By JOHN JACOBY, Partner
Vedder, Price, Kaufman & Kammholz

Management rights. What are management rights? Are management rights under attack? Are they worth defending? Is the defense of management rights a losing battle? What is the best strategy for defending management rights?

Start with the first question. What are management rights? Management rights are the rights of an employer to run its business without interference. The right to hire. The right to discipline. The right to discharge. The right to assign work. The right to promote. The right to demote. The right to transfer employees from one job to another. The right to lay off for lack of work. The right to subcontract operations which have been performed by the employer's own employees. The right to set employees' wages and fringe benefits. The right to pay employees based on their merit. The right to decide what functions the employer will perform, how they will be performed, where they will be performed, and whether they will continue to be performed. In sum, management rights are the rights to take actions which seem appropriate to accomplish the goals of the employer, even though these actions may have a direct or indirect affect on employees.

Management rights are under attack.

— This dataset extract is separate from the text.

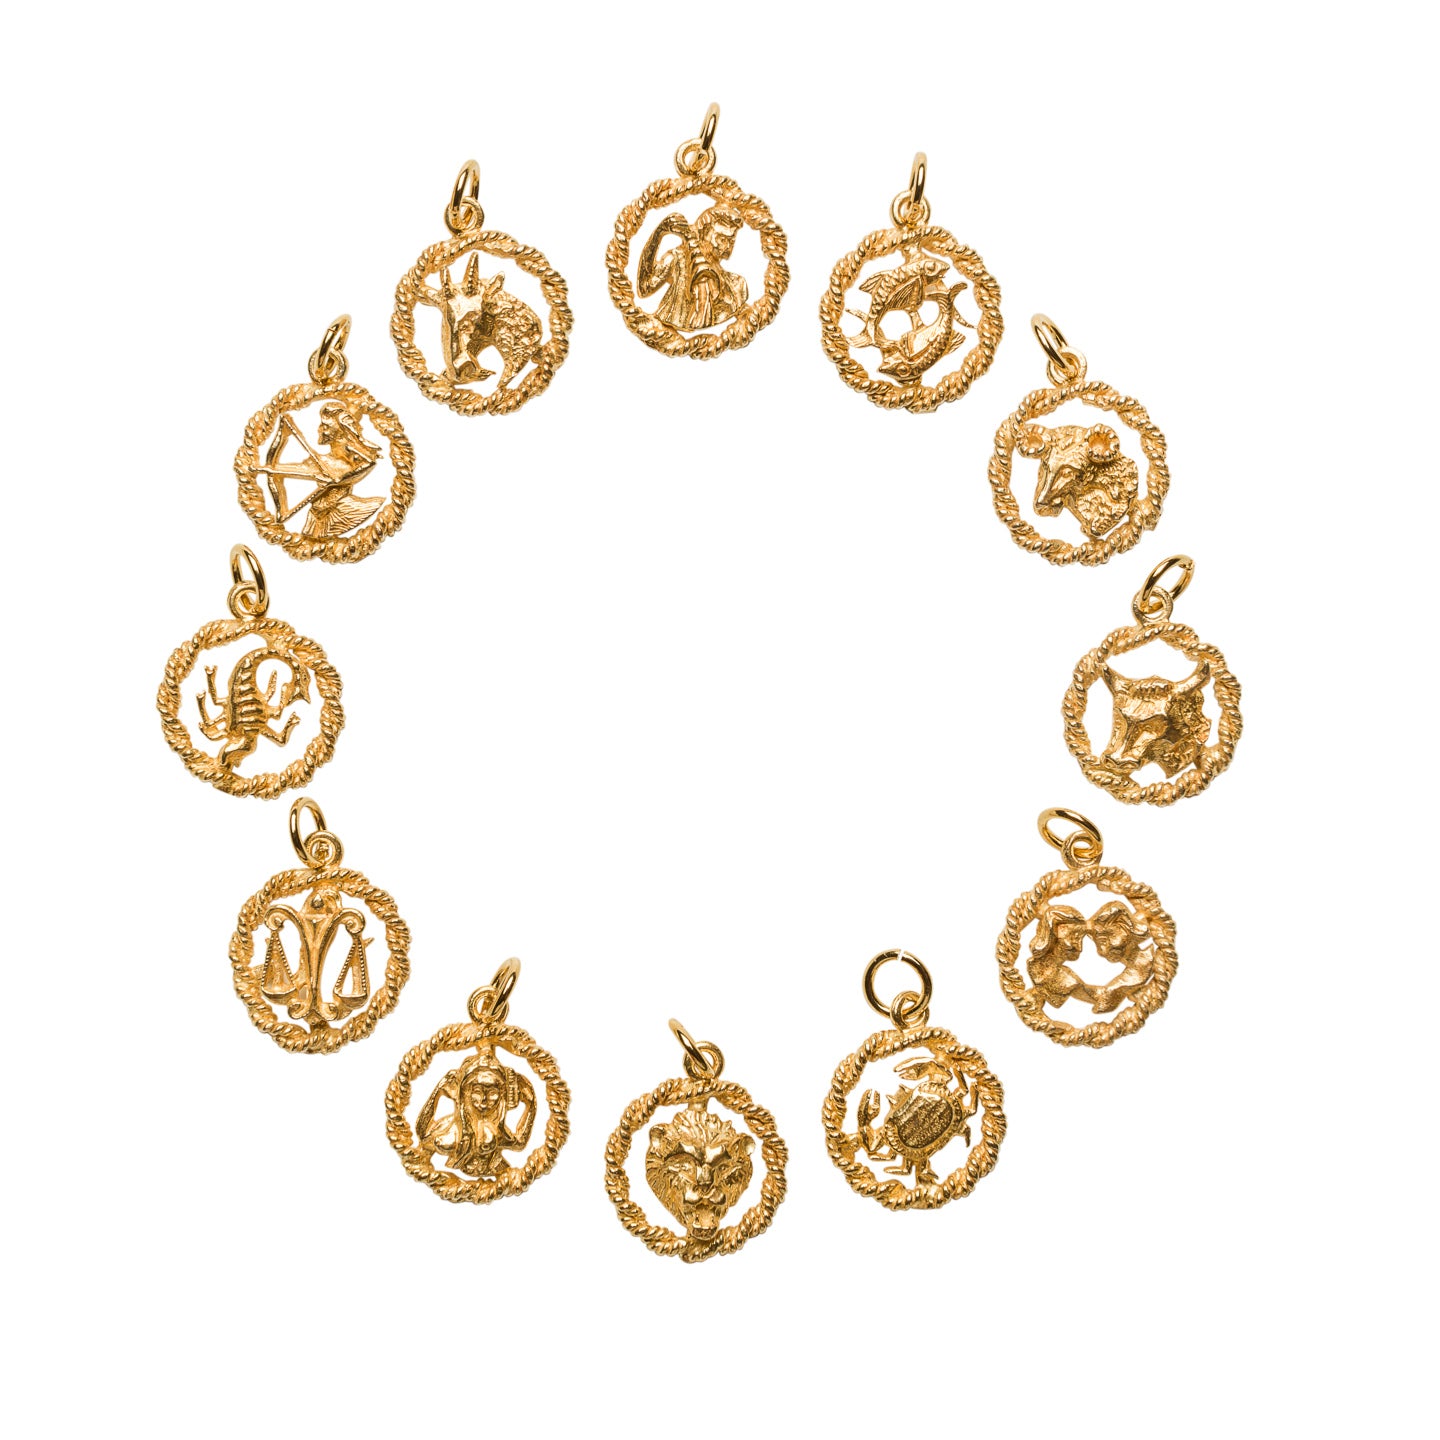 Zodiac Medal British Made - Mirabelle Jewellery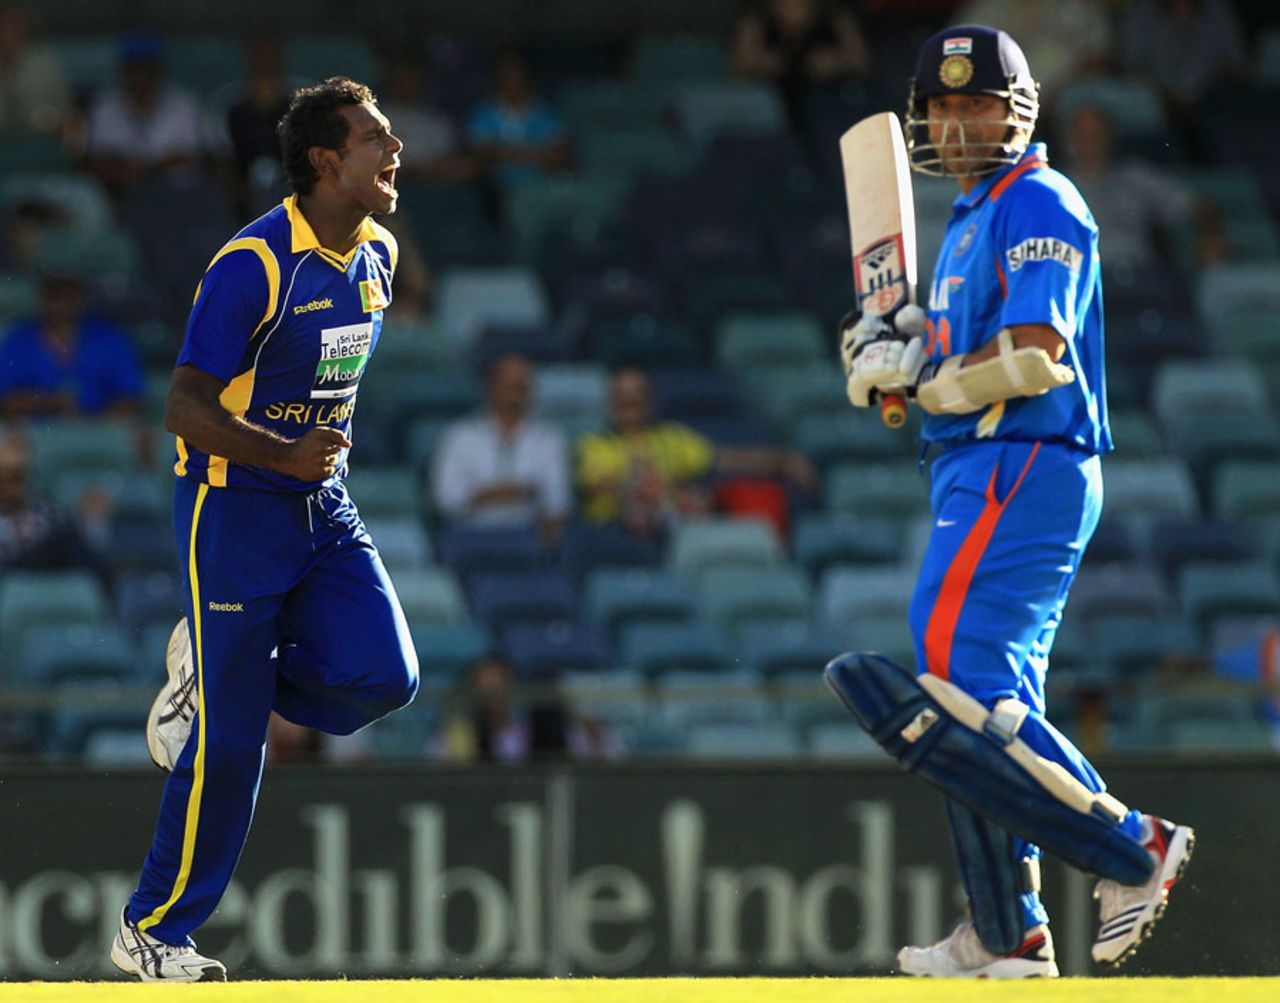 Angelo Mathews celebrates dismissing Sachin Tendulkar, India v Sri Lanka, CB Series, 2nd ODI, Perth, February 8, 2012

This does not come as news to anyone. The attack has been underway for decades, perhaps even centuries. It's the nature of the employment relationship that conflict arises between an employer and an employee when the employer exercises its management rights. It's the nature of employees either to utilize self help or to seek assistance from outsiders or government when they feel aggrieved.

Labor organizations have been a traditional enemy of management rights. Unions are probably what everyone came here to talk about. But before we talk about unions, let's talk about some of the other recent assaults on management rights.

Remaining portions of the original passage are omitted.